L’équipe de la Palabre Intellectuelle, qui s’investit depuis quelques années déjà dans la communication littéraire, a eu l’honneur de rencontrer le professeur Pierre Fandio, pour un entretien sur l’évolution de la littérature africaine ces dernières années. Attention, certaines réponses pourraient vous paraître inattendues. Pierre Fandio ne fait pas que répondre; il invite à la réflexion, il secoue par endroits les idées reçues, explique comment, si l’on avait été un peu plus curieux lecteurs, « peut-être que la situation que vit le pays depuis 2016 serait arrivée autrement ». Accrochez-vous!
Il y a eu beaucoup de mouvements dans les milieux littéraires africains au cours de la dernière décennie, et le Cameroun en particulier n’était pas en reste : festivals, rencontres poétiques et autres événements assimilés, sans parler des prix littéraires, dont les fameux Grands Prix des Associations Littéraires (GPAL) lancés en 2013. Quelle est votre opinion d’observateur avisé sur cette nouvelle dynamique ; peut-on parler de « boom littéraire » africain dans les années 2010 ?

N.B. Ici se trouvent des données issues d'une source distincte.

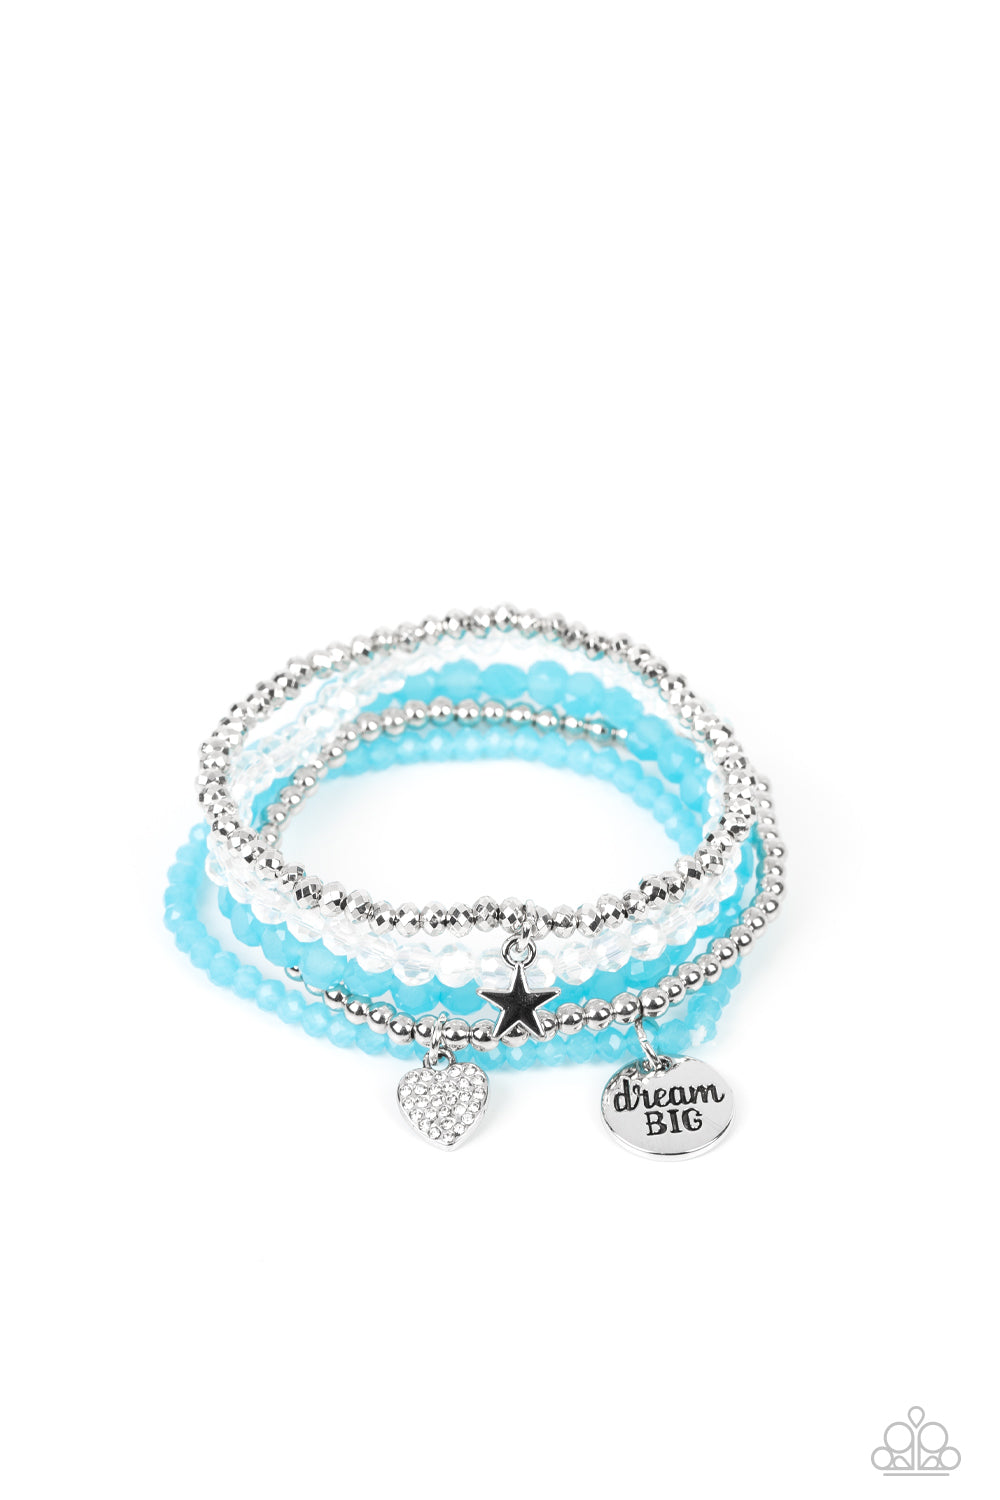 Teenage DREAMER - Blue, Silver, & White Beads, "Dream Big" Charm, Star Charm, & Heart Charm Paparazzi Stretch Bracelet

Permettez-moi, avant de répondre à vos préoccupations, de dire mes encouragements aux initiateurs des GPAL, que vous faites bien de mentionner, pour leur dessein ô combien louable ! J’ai d’ailleurs eu l’honneur de participer moi-même à ce noble projet en qualité de membre du jury de l’édition de 2015, si mes souvenirs sont bons.
Pour revenir à votre question, il est incontestable que depuis le début des années 2000, le nombre de livres publiés par des Africains (femmes et hommes) aussi bien sur le continent qu’en dehors, a connu un essor quantitatif et même qualitatif jamais égalé. Le nombre de créateurs aussi. L’institution de la littérature africaine ou plutôt les tentatives d’institutionnalisation (endogène) de cette même littérature ont autant fleuri. Évidemment, il est encore trop tôt pour affirmer que cette arithmétique traduit une véritable lame de fond dont le but serait l’institutionnalisation effective de la littérature africaine sur un plan plus global. L’on peut relever que cette situation tient à plusieurs facteurs dont celui de l’offre foisonnante de moyens aussi bien humains que matériels et même immatériels de production, de diffusion, de consommation et même de consécration. On peut y revenir en détail plus loin, si vous le voulez. En attentant, l’on peut déjà remarquer pour s’en féliciter que votre association, ou si vous préférez l’équipe de la Palabre Intellectuelle en est une illustration !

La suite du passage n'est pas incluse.